Christmas Cards Hanging on the Banister

Christmas cards were once something I avoided at all costs after losing my son. This year, they became a small and unexpected sign of progress in my grief.

12/19/20253 min read

The holidays after becoming a bereaved parent are, unfortunately, never the same. No matter how much practice I get living with my grief, the reality that my child is not here can still feel like too much. The holidays are loud reminders of what will never be again. There will be no new memories made, no new photos taken, no milestones reached. Our children are not growing.

Instead, the season often brings a heaviness, a deep sadness, a healthy dose of bah humbug, and numbness. It can feel like a regression in all the grief progress I have worked so hard for the rest of the year.

But something happened this year that felt different and I am choosing to see it as growth.

This year, I opened my Christmas cards. I actually enjoyed opening them. Then I put them up in my house.

That may sound small, but it's not.

For years after Carter died, I threw Christmas cards away, straight from the mailbox to the trash. Not because I did not appreciate the thought, because I truly did. The sting of opening them was more than I could bear.

The first two years after Carter’s death, I tried to keep up the tradition of sending Christmas cards. I felt pressure to hold on to normal and do what I had always done. Before Carter died, I loved making funny Christmas cards. I loved the idea of making people laugh and brightening our loved ones’ day when they opened our card.

After his death, sending cards no longer felt light or joyful. It brought sadness and anxiety instead. With my ever-present bah humbug, I had little ambition to continue. Beneath it all was a constant, itchy reminder that every photo I had of Carter was already an old photo. There would be no new pictures. No yearly snapshots of him growing and changing. My son was frozen in time.

Receiving Christmas cards became difficult in a different way. Opening them meant seeing other families grow and change year after year. It meant watching children age, families expand, and memories continue to be made. Even though I deeply appreciated the love behind each card, the pain of opening them often outweighed the comfort they were meant to bring.

Eventually, the cards became too painful. I stopped sending cards and I stopped opening them too.

Later, I made a small shift. Instead of throwing them away immediately, I kept them unopened in a stack on the kitchen counter before throwing them out. Over the past two years, I became able to open them, only to toss them right after. It was a quick open and discard, no lingering.

But this year was different.

Like last year, I collected the unopened cards in the kitchen. I started my usual routine of opening, glancing, and tossing but something felt off. I realized I was moving too fast. I did not want to rush through them. I wanted to take in the love behind them. I wanted to open my heart instead of shutting it down.

After the second card, I stopped.

I decided to choose a time when I felt emotionally ready to sit with them. I wanted a moment when I could truly receive what they were offering.

When that moment came, I sat on the sofa with John and we opened them together.

Something unexpected happened.

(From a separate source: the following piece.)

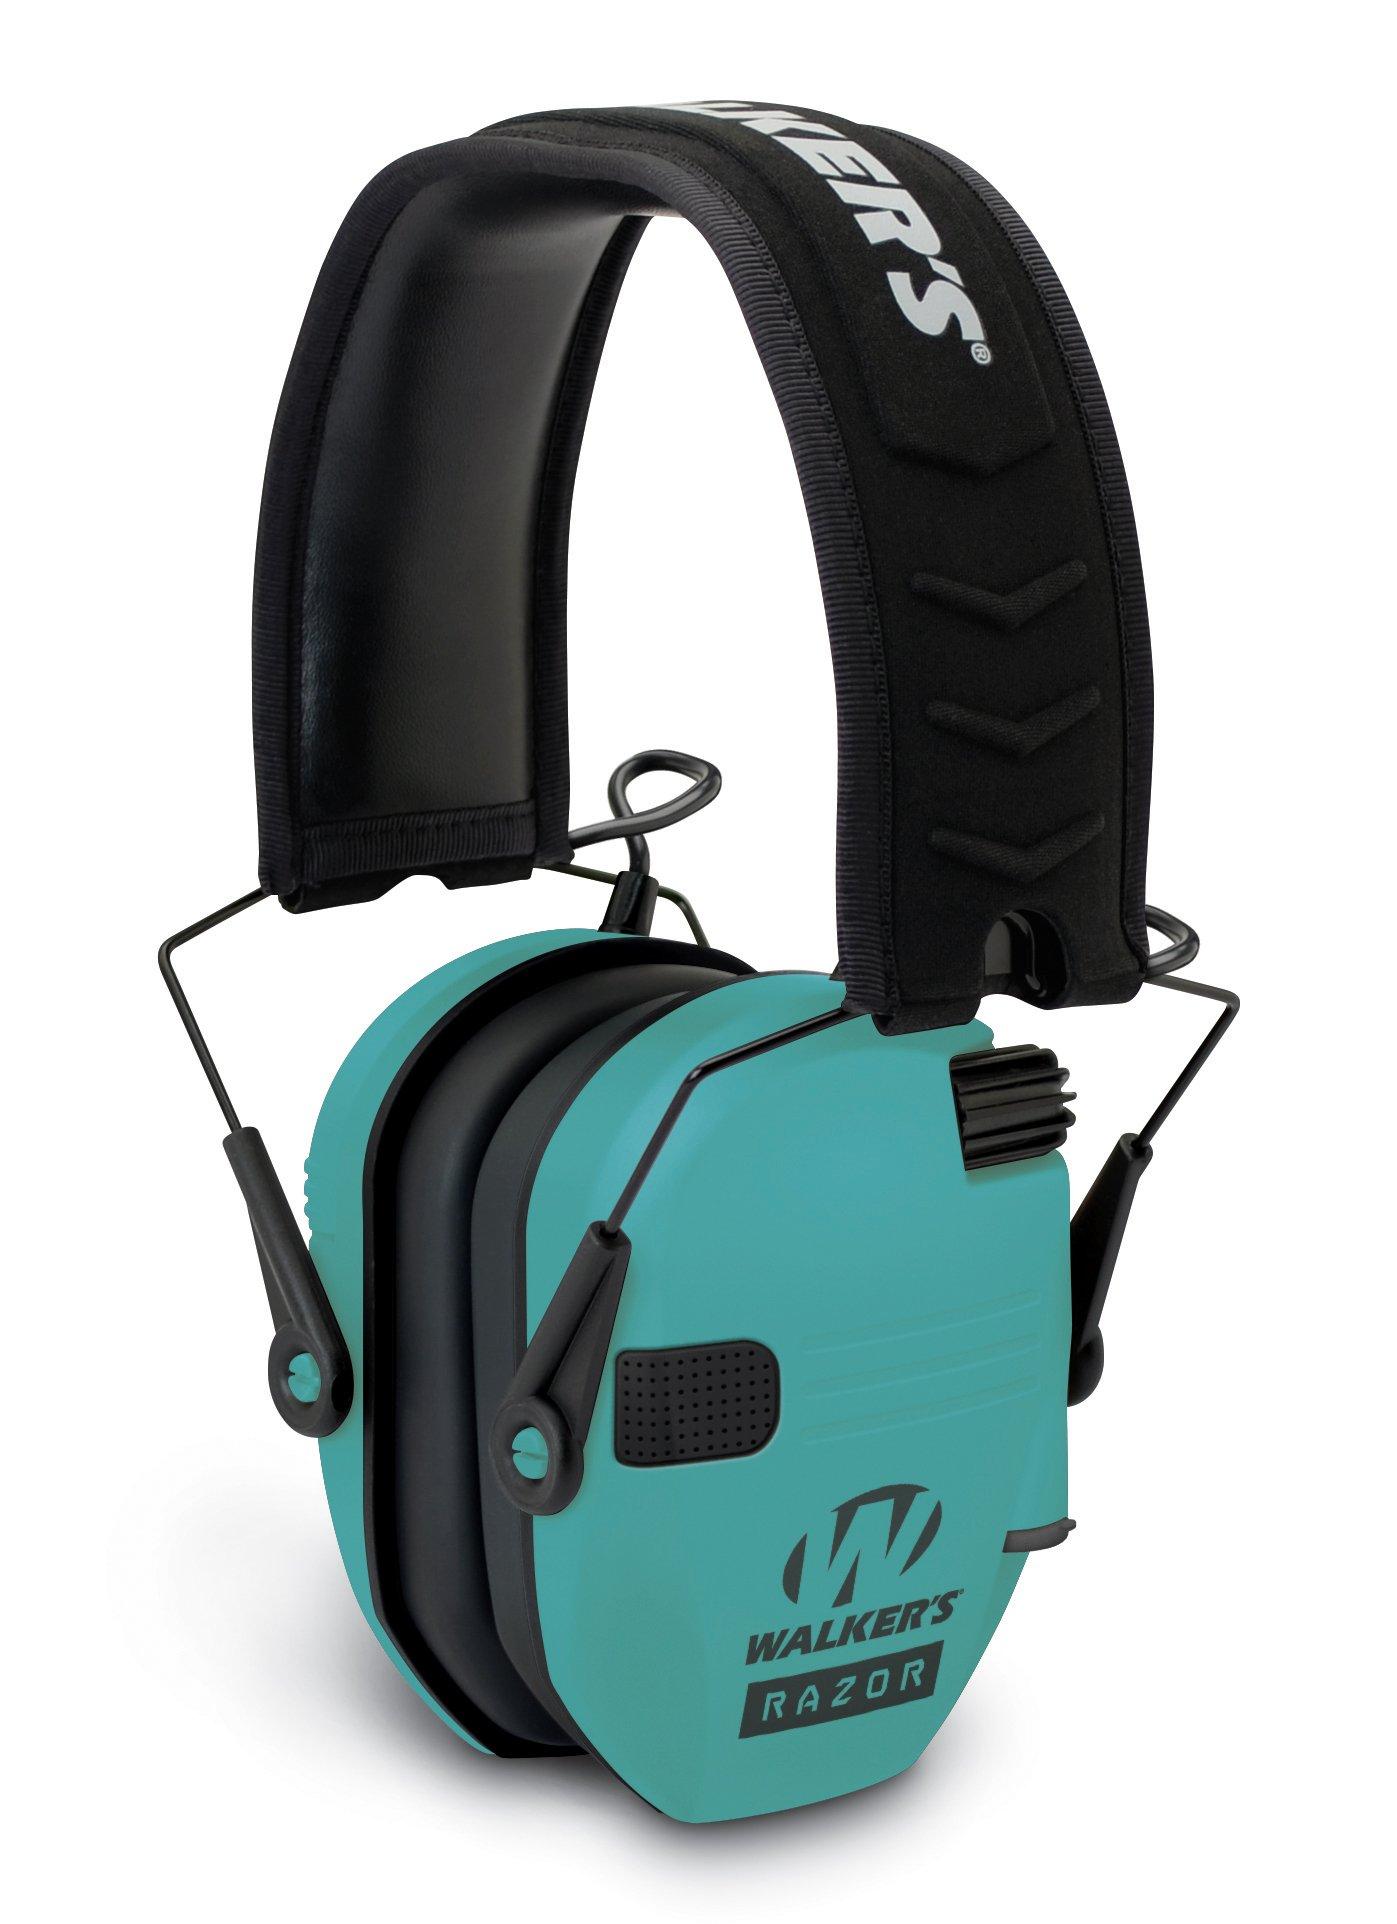 Walker's Razor Slim GWP-RSEM-LTL Electronic Muff Light Teal, 2 'AAA' Batteris by Walker's Game Ear
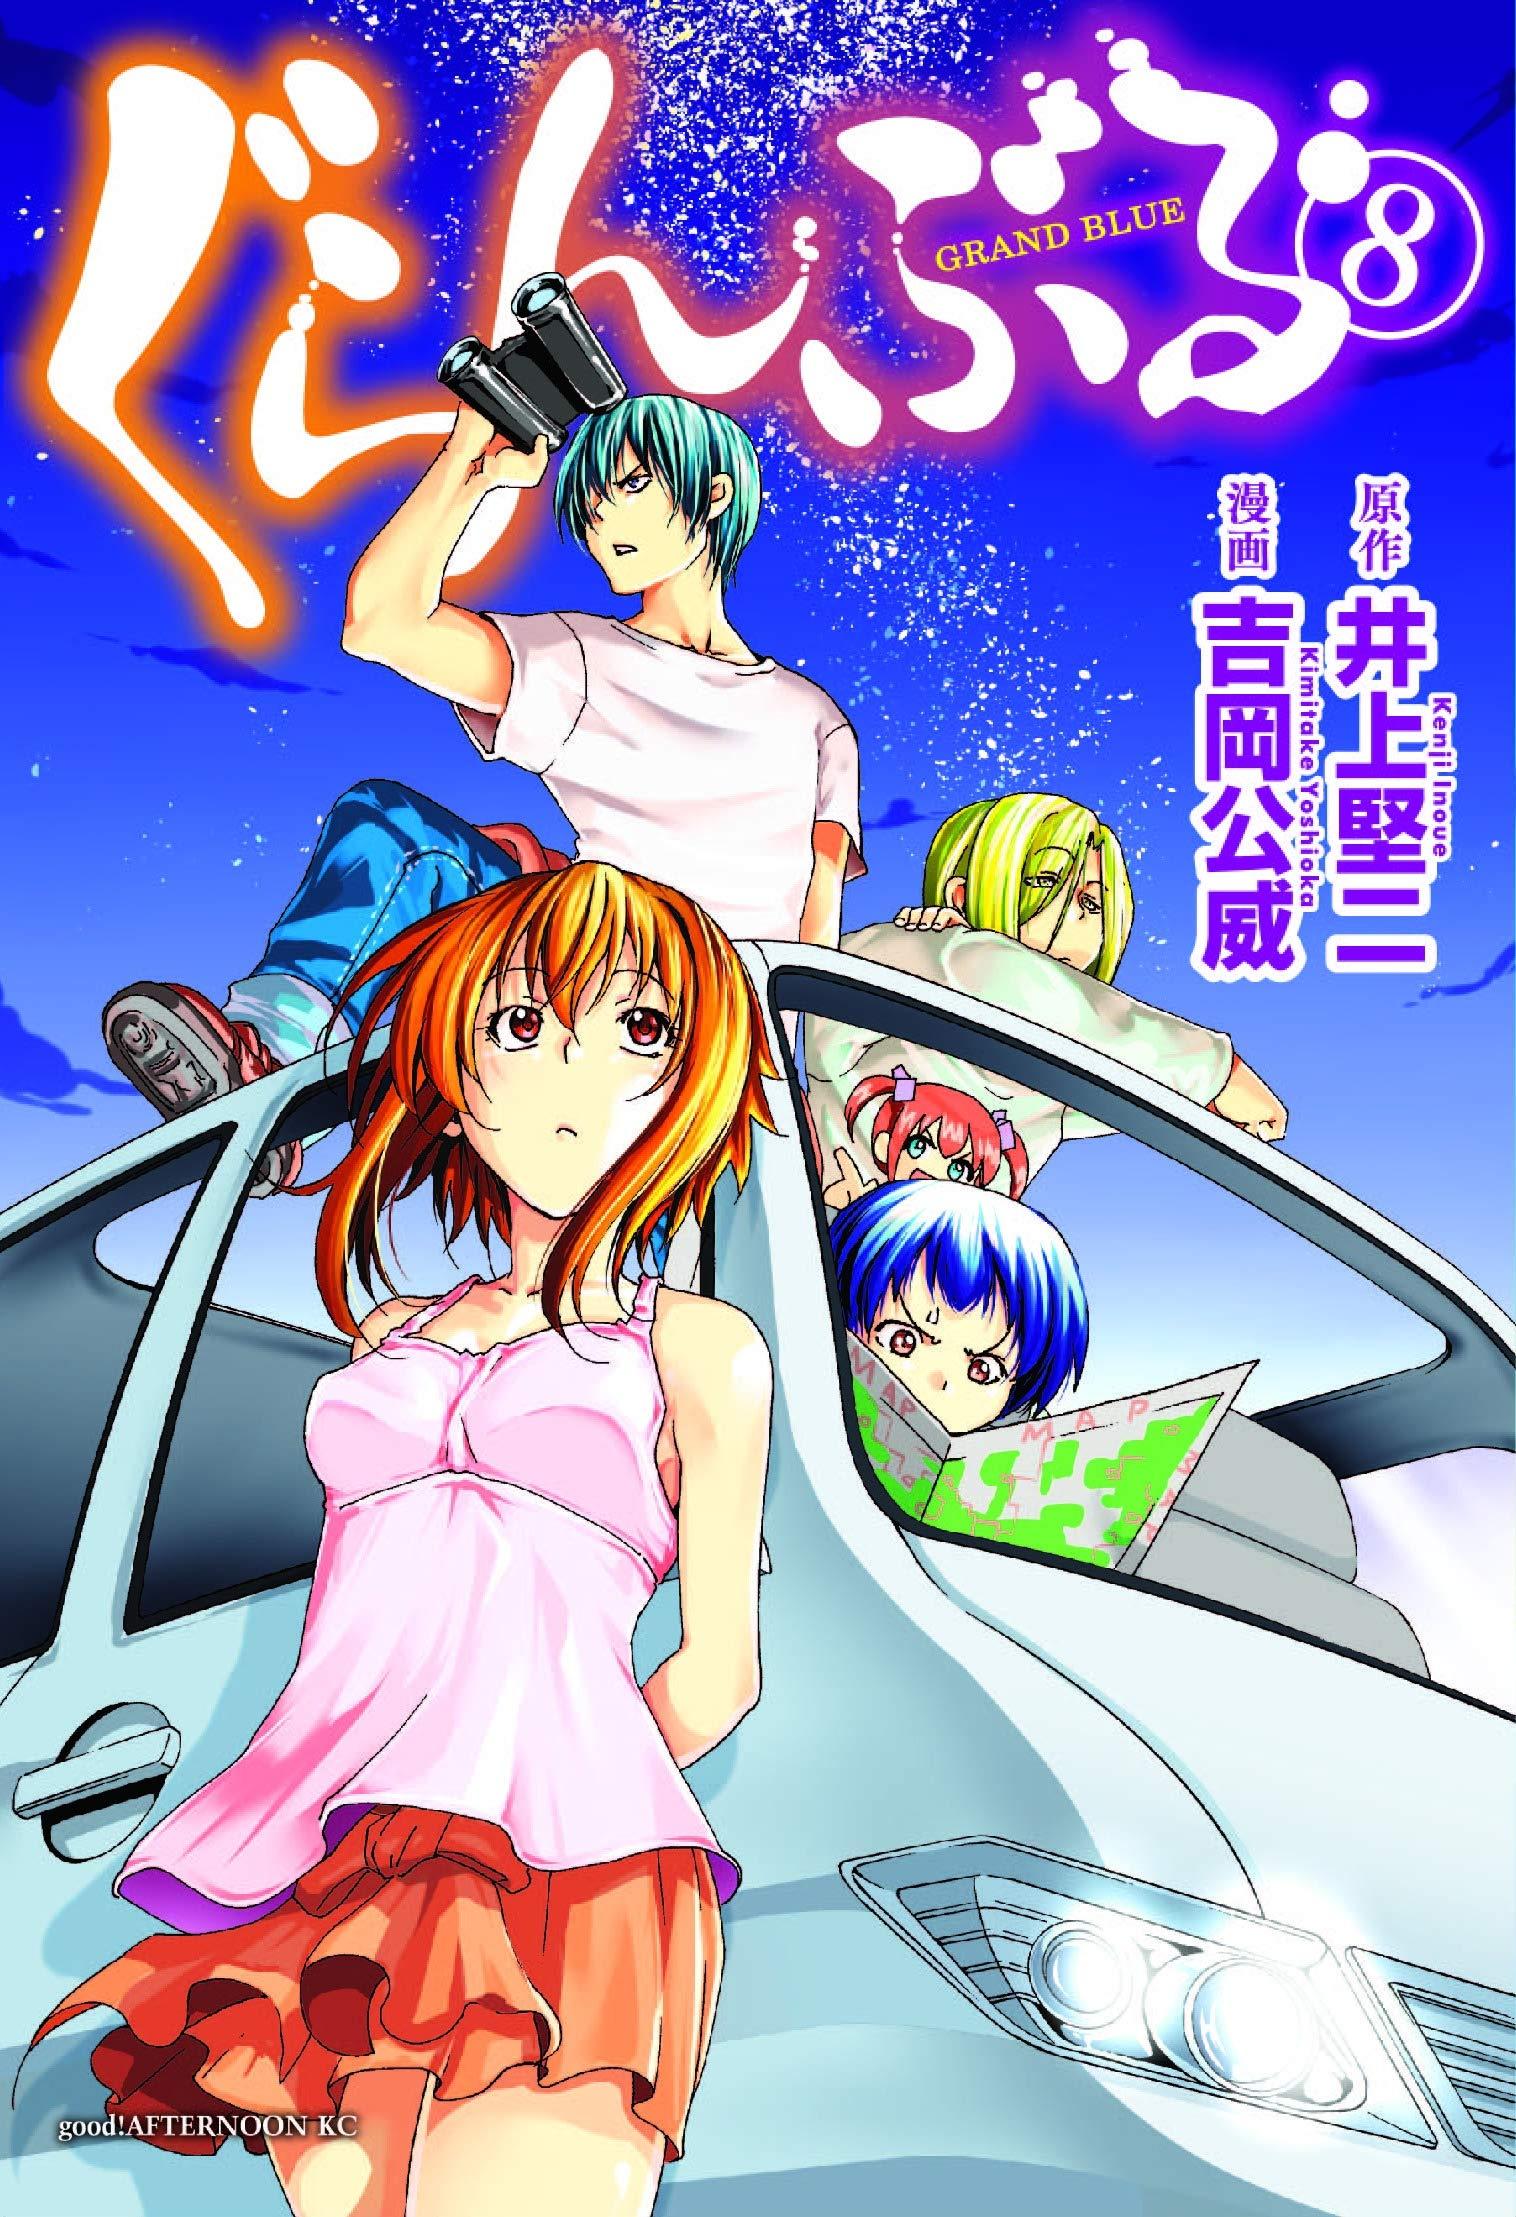 Anime like grand blue

We enjoyed them.

We laughed. admired our people, noticed their joy, their growth, and their lives. Instead of feeling crushed by it, we felt warmth, appreciation, and love. I found myself turning the cards picture side up because I wanted to see everyone’s faces. I wanted to feel connected.

Then I did something I have not done in years.

I grabbed the tape and hung the cards up in my house.

I did not want to throw them away. They were giving me a sense of closeness, a feeling of love and connection that I had not expected.

I am sharing this not because Christmas cards are suddenly easy or because grief is gone. It is not. I am sharing this to remind myself that progress is possible. There were long stretches of my grief when I truly could not imagine that any ease would ever return.

The progress has been slow. It often feels like one step forward and two steps back. Today felt different though, today felt like progress.

When the days come when I feel stuck, heavy, or hopeless again, I want to remember this moment. I want to remind myself that healing does not arrive all at once.

Sometimes it shows up quietly.

Sometimes it looks like Christmas cards hanging on the banister.